Fernandez-Atutxa et al [9] first reported detailed a case series of chronic marijuana users who presented with intussusception. Since then, multiple published cases have supported a possible link between marijuana usage and AI [1, 5-8]. Causation between chronic marijuana use and intussusception has not been demonstrated, so most cases are identified after excluding other potential etiologies. No other etiology was identified in our patients, supporting chronic marijuana use as a possible cause of intussusception.

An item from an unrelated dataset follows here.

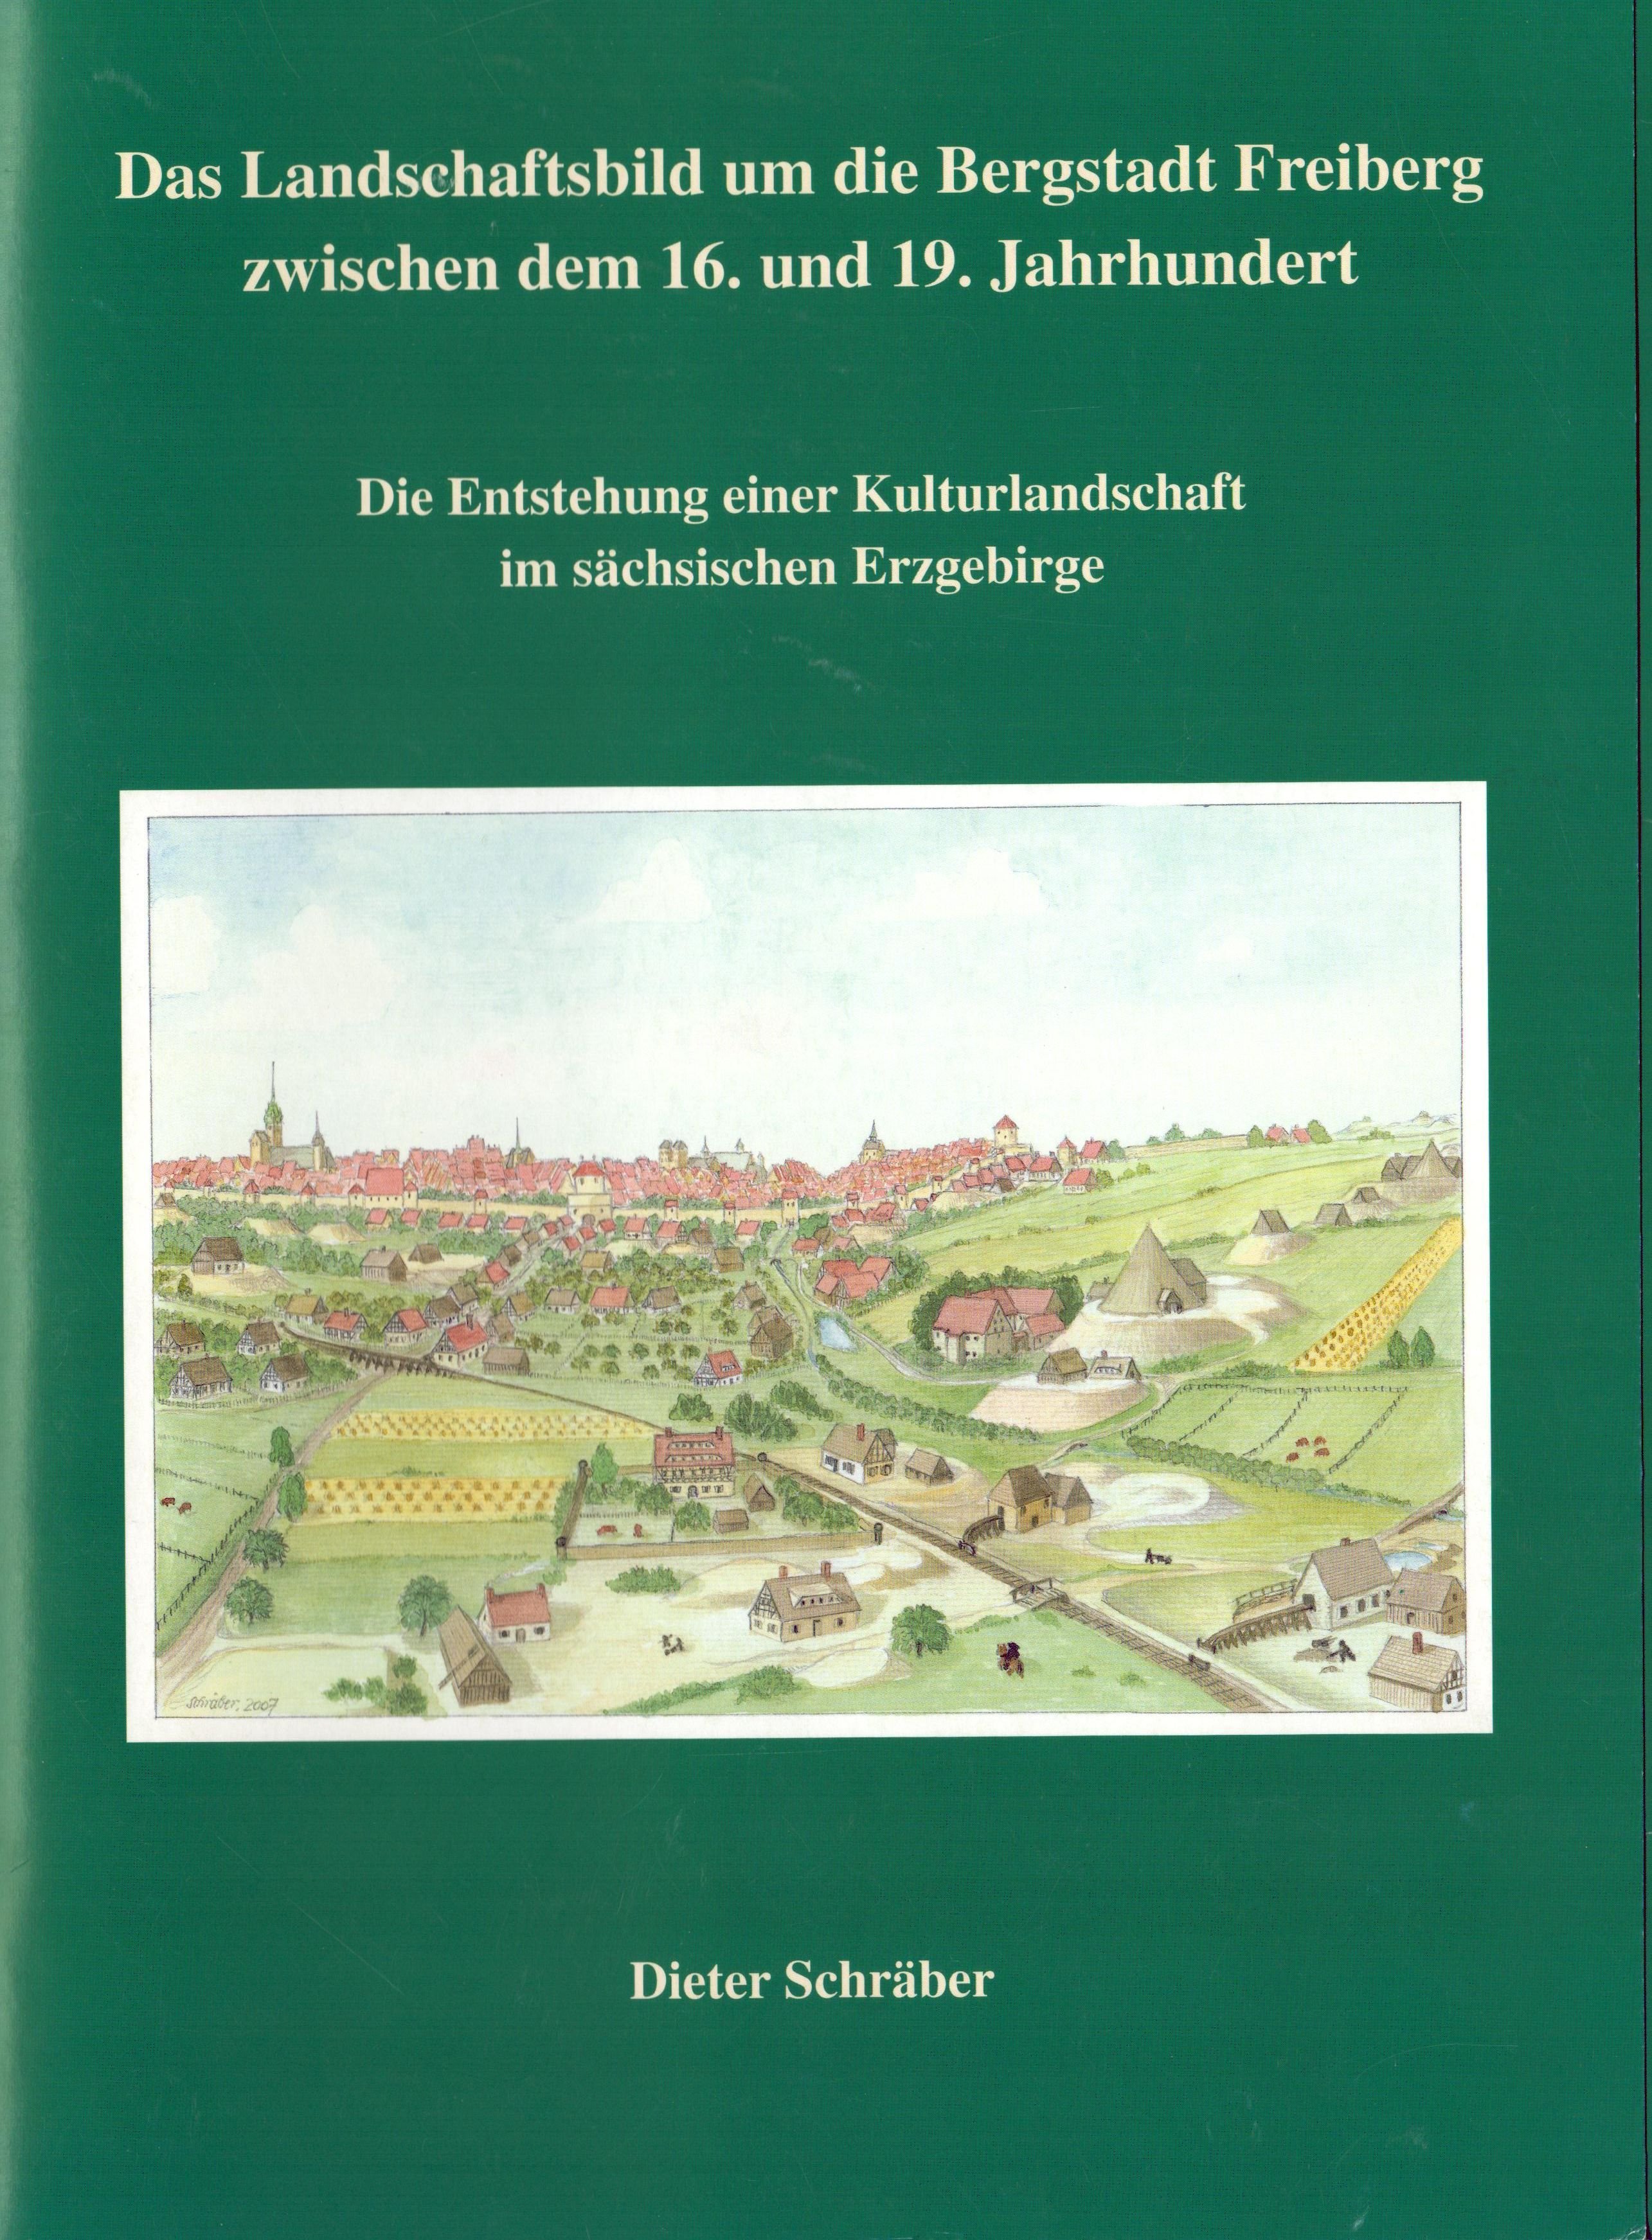 Das Landschaftsbild um die Bergstadt Freiberg zwischen dem 16. und 19. Jahrhundert (Archiv SAXONIA-FREIBERG-STIFTUNG CC BY-NC-SA)

On review of the literature, 18 cases of AI in chronic marijuana users have been reported (Table 1) [1, 5-9]. All patients presented with non-specific symptoms like abdominal pain, nausea, vomiting, and diarrhea. The median age at presentation was 26 (interquartile range: 23 - 30), with no significant difference in incidence among males and females. The most common location of the intussusception was the jejunum, with one case involving the colon. Most patients were diagnosed with clinical suspicion and contrasted CT of abdominal scans. Expectant management with IV fluids, electrolyte replacement, and pain management was the cornerstone of treatment in all cases. Most cases spontaneously resolved, except for four patients who underwent diagnostic laparoscopy. Of these four cases, two patients required manual reduction while others had spontaneous resolution with negative laparoscopic findings. No obvious lead point was identified in any of these cases. In our case series, case 1 underwent laparotomy with manual reduction, while the rest of the patients had spontaneous resolution with conservative management. These cases highlight the importance of conservative management, and surgery should be reserved for those with failed conservative management or with acute abdomen.

Table 1.
Click to view
Table 1. Reported Cases of Adult Intussusception in Chronic Marijuana Users

Marijuana-induced AI continues to be a diagnosis of exclusion. AI is rare and has a high chance of having a malignant lead point, so patients should all undergo appropriate screening and imaging to rule out neoplastic sources. In a study by Wang et al [21], four out of 41 (10%) patients had “idiopathic” etiology where no pathological lead point was identified. This highlights the importance of a thorough search for the etiology of AI and detailed history taking. Our cases stress the importance of possible adverse effects of marijuana with increased legalization and therapeutic use of marijuana and its derivatives. Physicians must obtain detailed social history to identify marijuana use as a potential cause of idiopathic intussusception in adults.


Our cases depict the possible association between chronic marijuana and AI. Although rare, AI in the absence of pathological lead point, should alert physicians to look for intra-luminal irritants as a cause of intussusception. From a public health perspective, physicians should warn patients about the possible association between marijuana use and the development of intussusception. Further studies are needed to investigate the association between chronic marijuana use and AI.


None to declare.

Financial Disclosure

None to declare.

Conflict of Interest

The authors indicated no potential conflict of interest.

Informed Consent

Informed consent was obtained from the patients for publication of this manuscript.

Author Contributions

Jiten Kothadia, MD and Anwesh Dash, MD were involved in drafting the case report and the acquisition of available literature and revision of the manuscript. Rajanshu Verma, MD and Kyle Kreitman, MD reviewed manuscript. Mohammad K. Ismail, MD was involved in critical revision of the manuscript for important intellectual content.

Data Availability

The authors declare that the data supporting the findings of this study are presented within the content of this article.